I don't have strong opinion either way, but whichever way you go, you
should justify the choice better in the commit message.

>>> +The config API also provides type specific API functions which do 
>>> conversion
>>> +as well as retrieval for the queried variable, including:
>>> +
>>> +`git_config_get_int`::
>>> +Parse the retrieved value to an integer, including unit factors. Dies on
>>> +error; otherwise, allocates and copies the integer into the dest parameter.
>>> +Returns 0 on success, or 1 if no value was found.
>> It seems strange to me to return 1 here, and -1 in git_config_get_value
>> to mean the same thing.
> Noted. Some of the type specific function return -1 on wrong parsing, I will
> put return value 1 for no value found in all of the cases.
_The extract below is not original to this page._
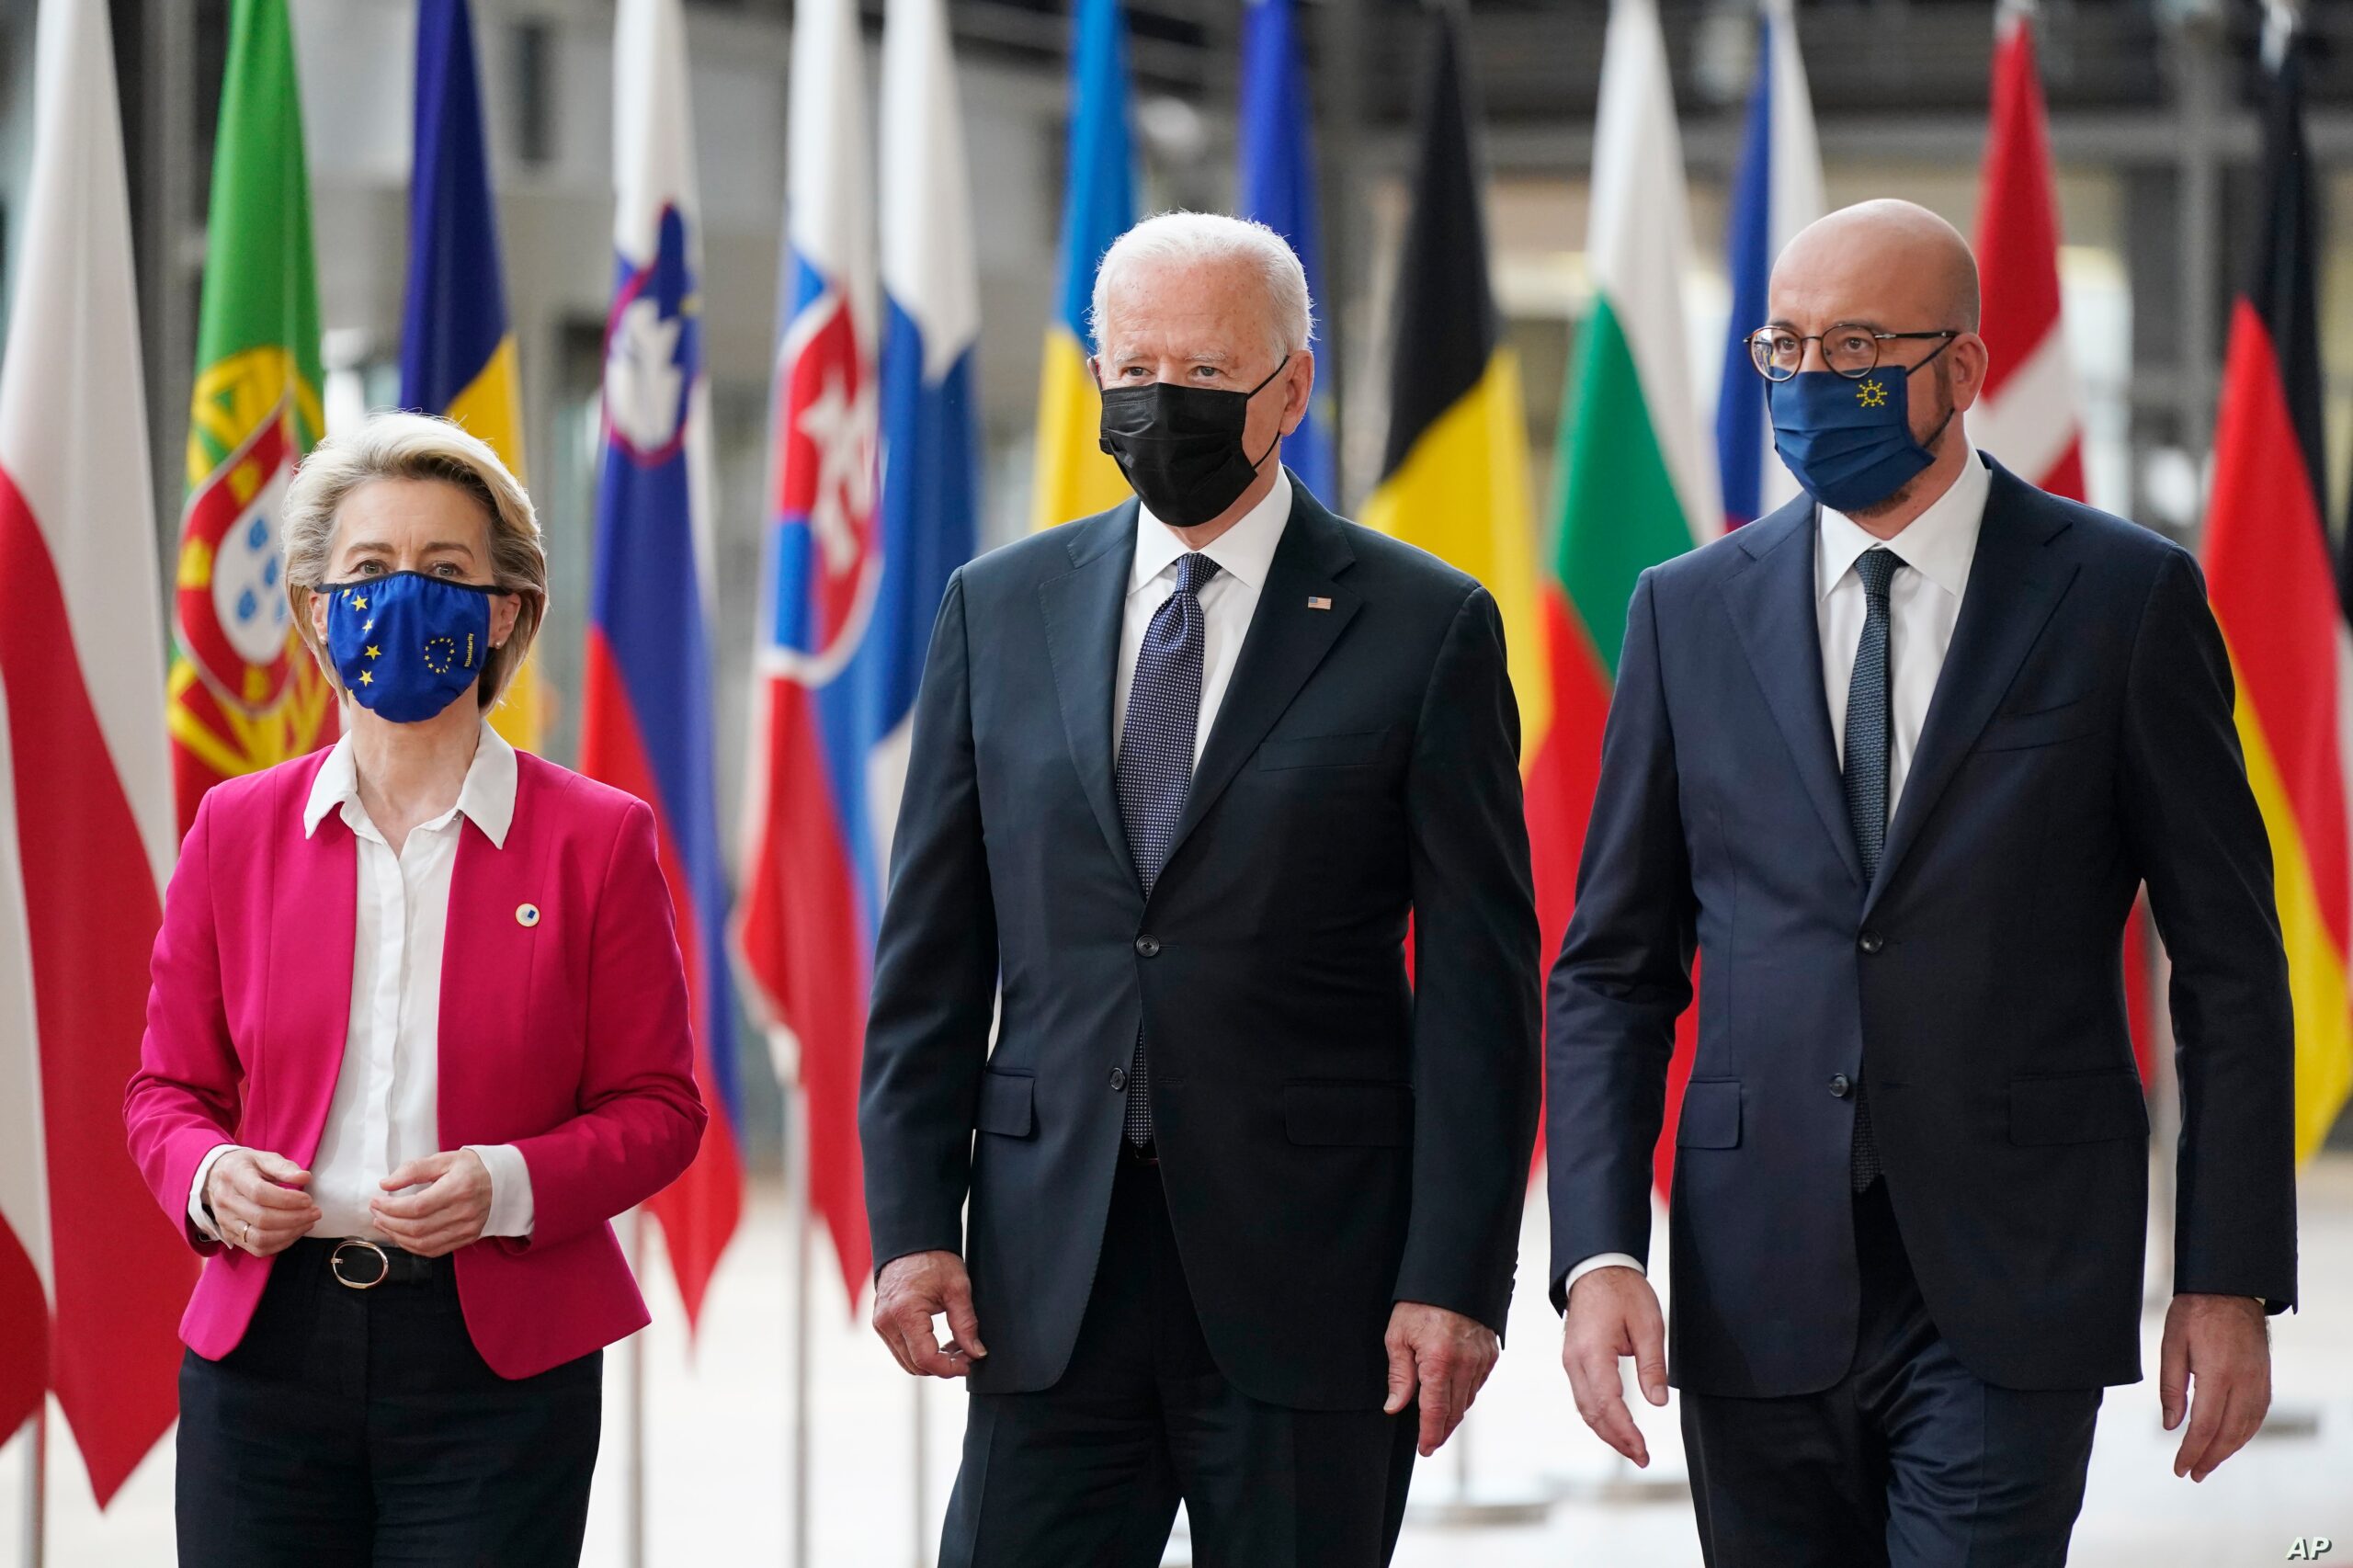 President Joe Biden, center, walks with European Council President Charles Michel, right, and European Commission President Ursula von der Leyen

I'm not sure I fully get the existing convention. My understanding is
that when the extracted value is returned, -1 is used as a special value
to mean "no value" (e.g. git_config_maybe_bool can return 1, 0 or -1),
but when the extracted value is written to a by-address parameter, then
the return value is 1 or 0.

>>> +static struct hashmap *get_config_hash(const char *filename, struct 
>>> config_set *cs)
>>> +{
>>> +   int i;
>>> +   for(i = 0; i < cs->nr; i++) {
>>> +           if (!strcmp(cs->item[i].filename, filename))
>>> +                   return &cs->item[i].config_hash;
>>> +   }
>>> +   return add_config_hash(filename, cs);
>>> +}
>>> +
>>> +static struct config_hash_entry *config_hash_find_entry(const char *key, 
>>> const char* filename,
>>> +                                                   struct config_set *cs)
>> I don't get the logic here.
>> Either the caller explicitly manages a config_set variable like
>>   config_set my_set = git_configset_init();
>>   git_configset_add_file(my_set, "my-file");
>>   git_configset_get_value(my_set, "some.variable.name");
>> Or there's an implicit singleton mapping files to hashmaps to allow the
>> user to say
>>   git_configset_get_value("my-file", "some.variable.name");
>> without asking the user to explicitly manipulate config_set variables.
>> It seems to me that your solution is a bad compromise between both
>> solutions: you do require the user to manipulate config_set variables,
>> but you also require a filename to look for the right entry in the list.
>> Did you miss the end of Junio's message:
>>   http://thread.gmane.org/gmane.comp.version-control.git/252567
>> ?
> This is an internal function which is used to iterate over every `config_set`
> item which contains a hashmap and filename as an identifier.
> The exposed API which I documented above doesn't require the user to pass the
> filename when querying for a value.
> The API works like this, suppose there are two files,
> A.config      B.config
> [foo]         [foo]
> a = b         a = d
> a = c         a = e
> config_set *my_set = git_configset_init();
> git_configset_add_file(my_set, "A.config");
> git_configset_add_file(my_set, "B.config");
> git_configset_get_value(my_set, "foo.a");
> Here get_value calls config_hash_find_entry once for each configset_item
> "A.config" and "B.config" with key as "foo.a". which in turn returns
> config_hash_item which contains the key and the value list.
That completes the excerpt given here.